# Introduction

Image-to-image translation is a class of computer vision problems whose goal is to learn a mapping between the input image and the output image. This problem can be applied to a number of areas such as style transfer, image coloring, sharpening, data generation for segmentation, face filter, …

Normally to train an Image-to-image translation model, you will need a large number of input image and label pairs. For example: the color image and the corresponding grayscale image, the fuzzy image and the sharpened image, etc. However, preparing the dataset in this way can be quite expensive in some cases like: style transfer photos from summer to winter (get landscape shots under different conditions), turn a regular horse into a zebra (difficult to get a picture of a regular horse and its photo but is a zebra).

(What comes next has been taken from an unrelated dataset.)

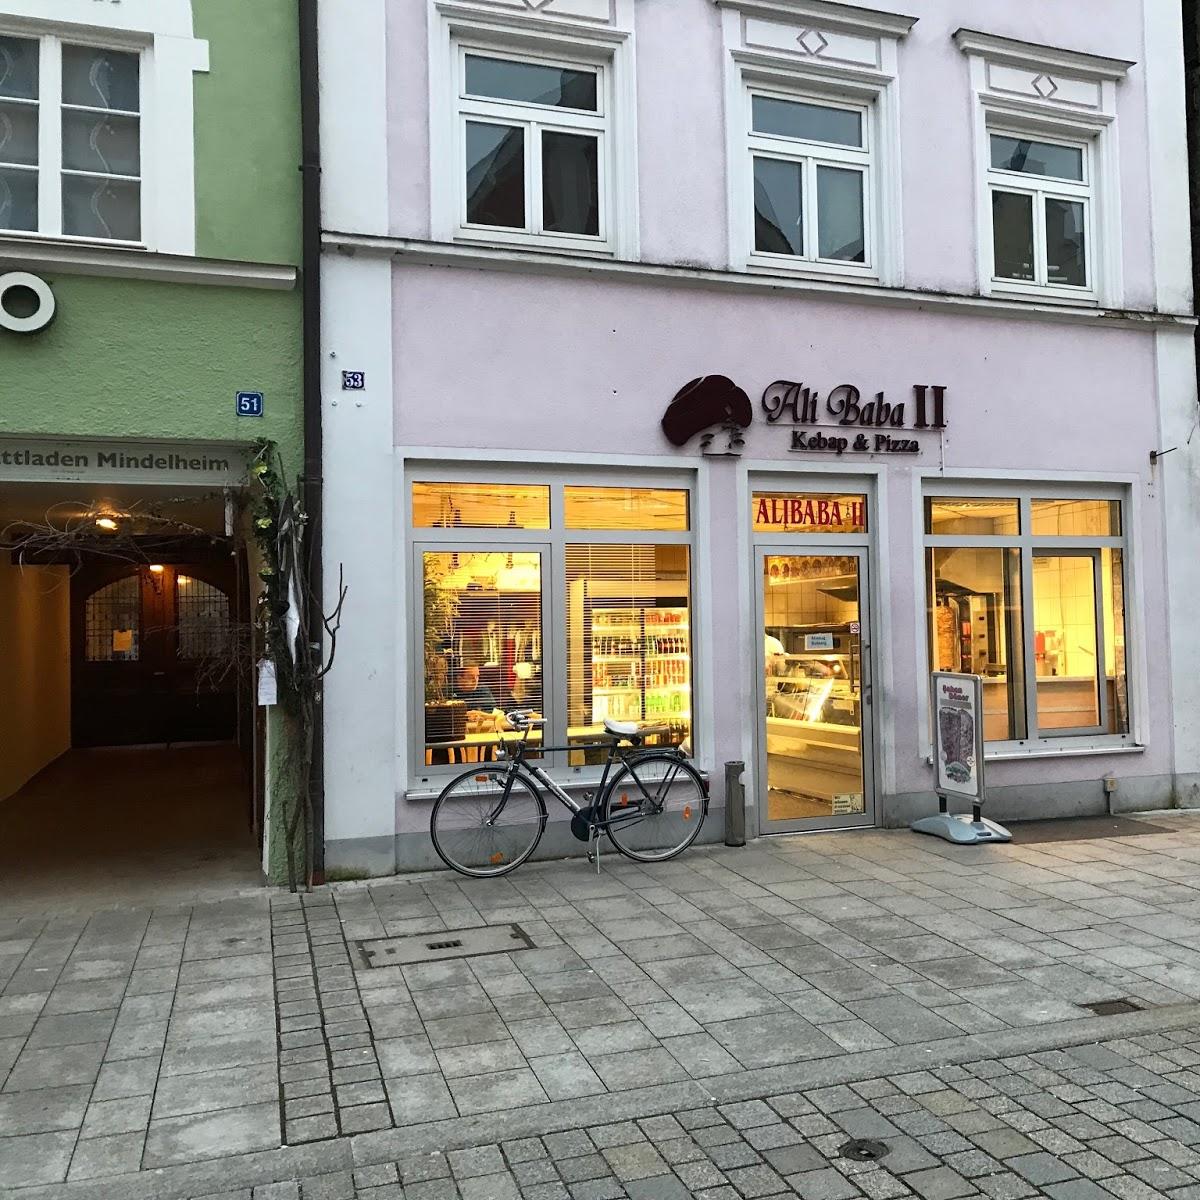 Restaurant "Ali Baba" in Mindelheim

Since paired datasets are virtually non-existent, there is a need to develop a model capable of learning from unpaired data. More specifically, any two unrelated image sets can be used and the general features extracted from each collection and used during image translation. This is called the unpaired image-to-image translation problem.

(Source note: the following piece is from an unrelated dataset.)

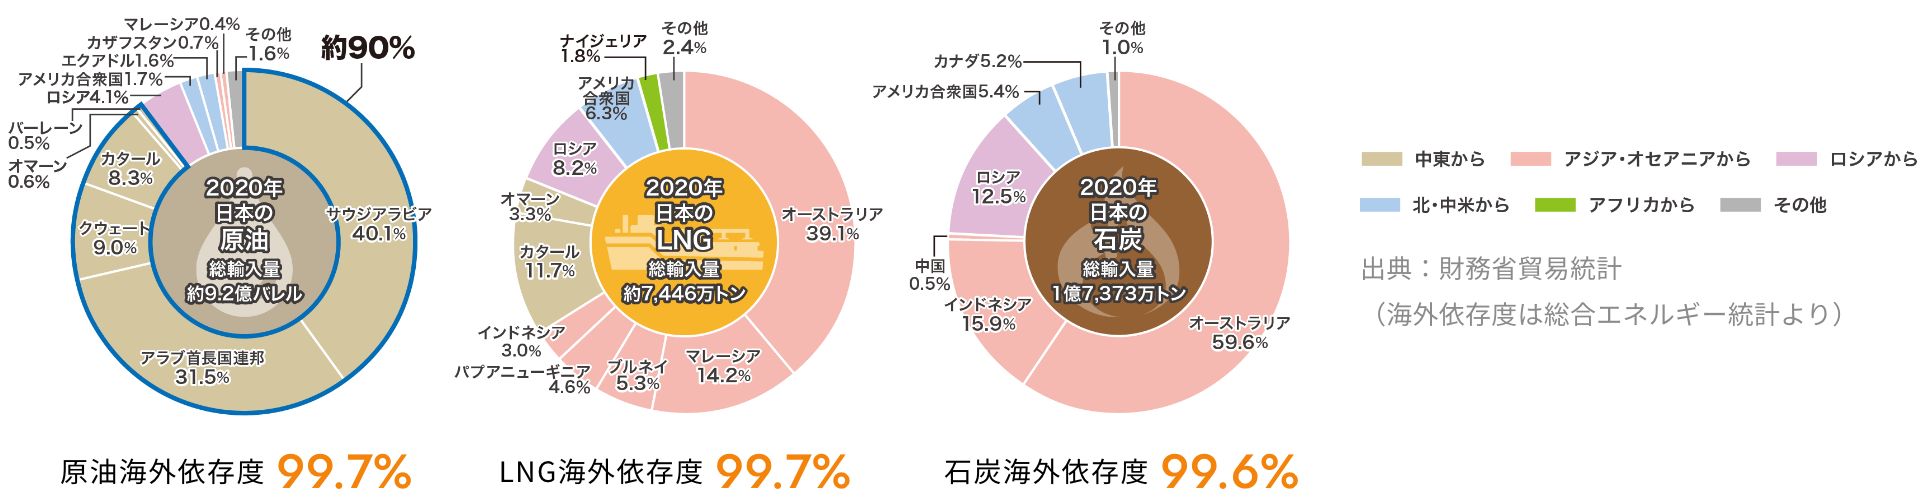 化石燃料に依存している日本の現状。

One successful approach to unpaired image-to-image translation is CycleGAN .

# CycleGAN architecture

CycleGAN is based on the Generative Adversarial Network (GAN). The GAN architecture is an approach to train an image generation model that includes two neural networks: a generator network and a discriminator network. Generator uses a random vector taken from latent space as input and generates a new image and the Discriminator takes an image as input and predicts whether it’s real (taken from dataset) or fake (generated by generator). . Both models will compete against each other, Generator will be trained to generate images that can deceive Discriminator and Discriminator will be trained to better distinguish the generated image.

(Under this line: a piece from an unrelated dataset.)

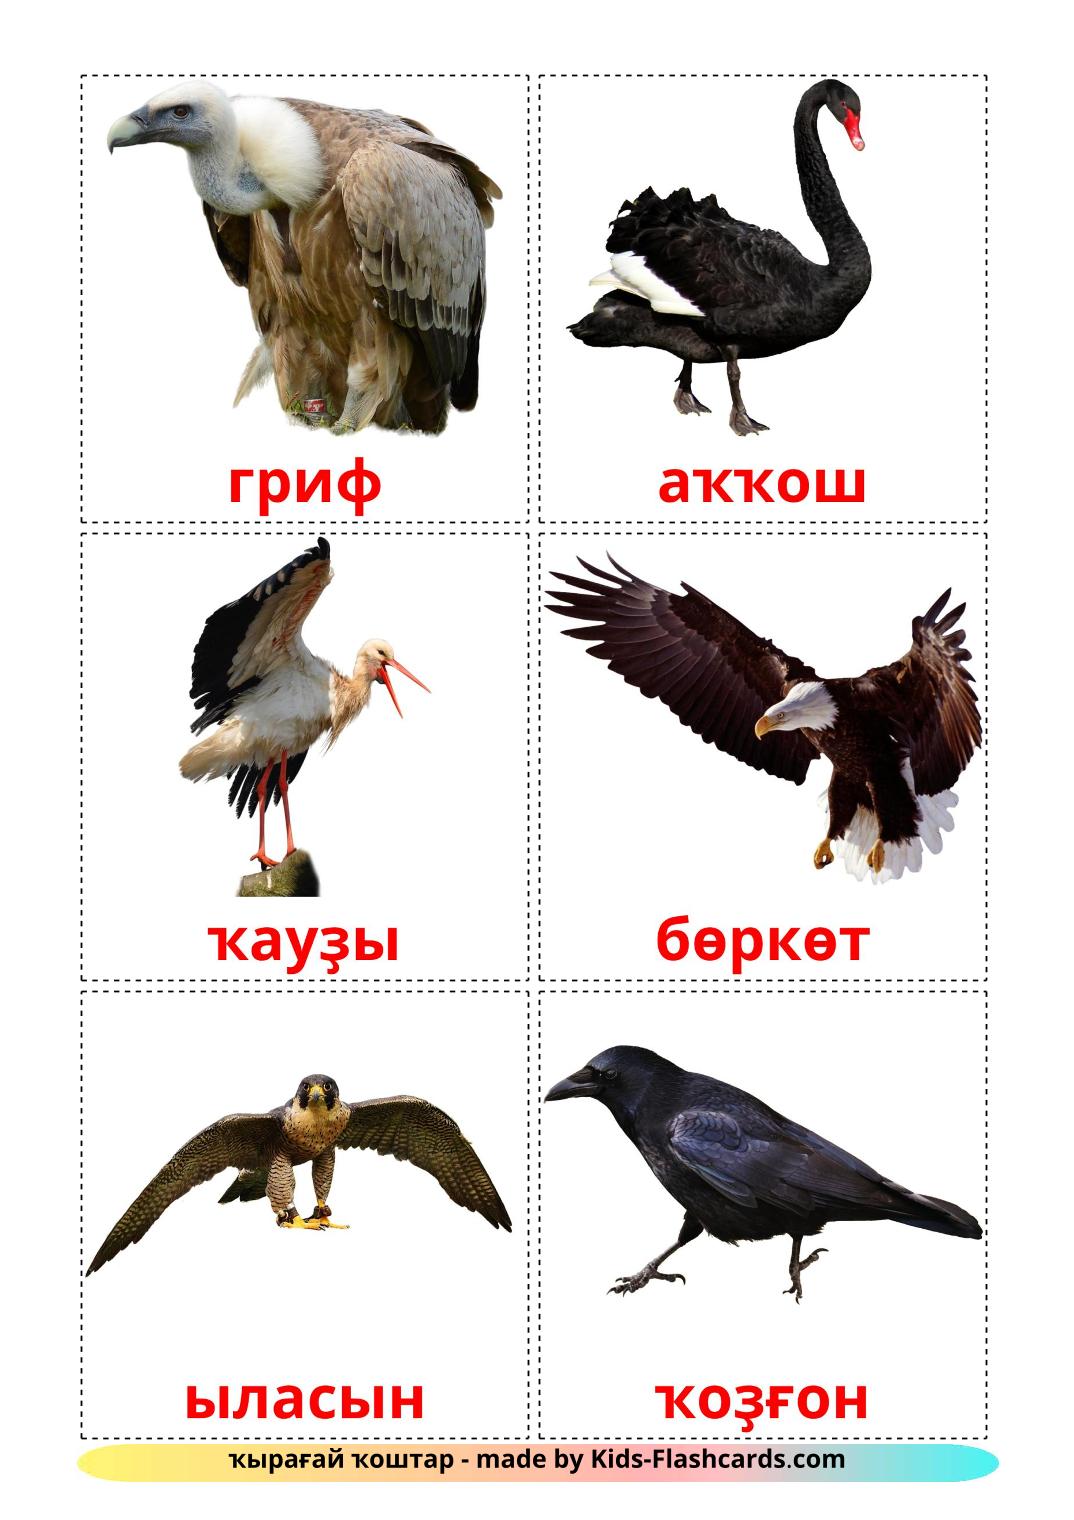 Pájaros salvajes - 18 fichas de brashkir para imprimir gratis

CycleGAN is an extension of the classic GAN architecture that includes 2 Generators and 2 Discriminators. The first generator, called G, takes the image input from domain X (zebra) and converts it to domain Y (normal horse). The other generator is called Y, which converts images from domain Y to X. Each Generator network has a corresponding Discriminator.

- D Y D_Y $D_{Y}$ : distinguishing images taken from domain Y and translated images G (x).
- D X D_X $D_{X}$ : distinguishing images taken from the X domain and translated images F (y).

## Generator

The CycleGAN generator is based on this paper and consists of three components: encoder, transformer and decoder

The encoder section consists of 3 convolutional layers, the following 2 layers have stride = 2 to reduce the input size of the image and increase the number of channels. The encoder output used as the transformer input consists of 6 residual blocks as shown in the resnet . The batch normalization class in the residual block is replaced with instance normalization. Finally, the decoder consists of 3 transposed convolution layers, which will transform the image to its original size and channel number depending on the output domain.

## Discriminator

Discriminator uses the PatchGAN architecture. Usually in classification problems, the network output will be a scalar value – the probability of being of some class. In the CycleGAN model, the author designed Discriminator such that its output is a feature map N × N × first N times N times1 $N×N×1$ . It can be seen that Discriminator will divide the input image into a grid $N$ $×$ $N$ $N times N$ $N×N$

# Loss function

## Adversarial loss

During the training process, generator G tries to minimize the adversarial loss function by translating the image G (x) (where x is the image taken from domain X) so that it is most similar to the image from domain Y, in contrast, Discriminator. D Y D_Y $D_{Y}$ try to maximize the adversarial loss function by distinguishing the G (x) image and the real y image from the domain

L a d v ( G , D Y , X , Y ) = first n [ l o g D Y ( y ) ] + first n [ l o g ( first – D Y ( G ( x ) ) ] L_ {adv} (G, D_Y, X, Y) = frac {1} {n} [logD_ {Y} (y)] + frac {1} {n} [log (1- D_Y (G (x ))] $L_{adv}(G,D_{Y},X,Y)=n1[LogD_{Y}(y)]+n1[log(1–D_{Y}(G(x))]$

Adversarial loss is the same for generator F and Discriminator

L a d v ( F , D X , Y , X ) = first n [ l o g D X ( x ) ] + first n [ l o g ( first – D X ( F ( y ) ) ] L_ {adv} (F, D_X, Y, X) = frac {1} {n} [logD_ {X} (x)] + frac {1} {n} [log (1- D_X (F (y)) ))] $L_{adv}(F,D_{X},Y,X)=n1[LogD_{X}(x)]+n1[log(1–D_{X}(F(y))]$

## Cycle consistency loss

Adversarial loss alone is not enough for the model to give good results. It will hybridize the generator in the direction of generating any output image in the target domain, not the desired output. For example, with the problem of turning zebra into a normal horse, the generator can turn the zebra into a very beautiful ordinary horse, but has no features related to the original zebra.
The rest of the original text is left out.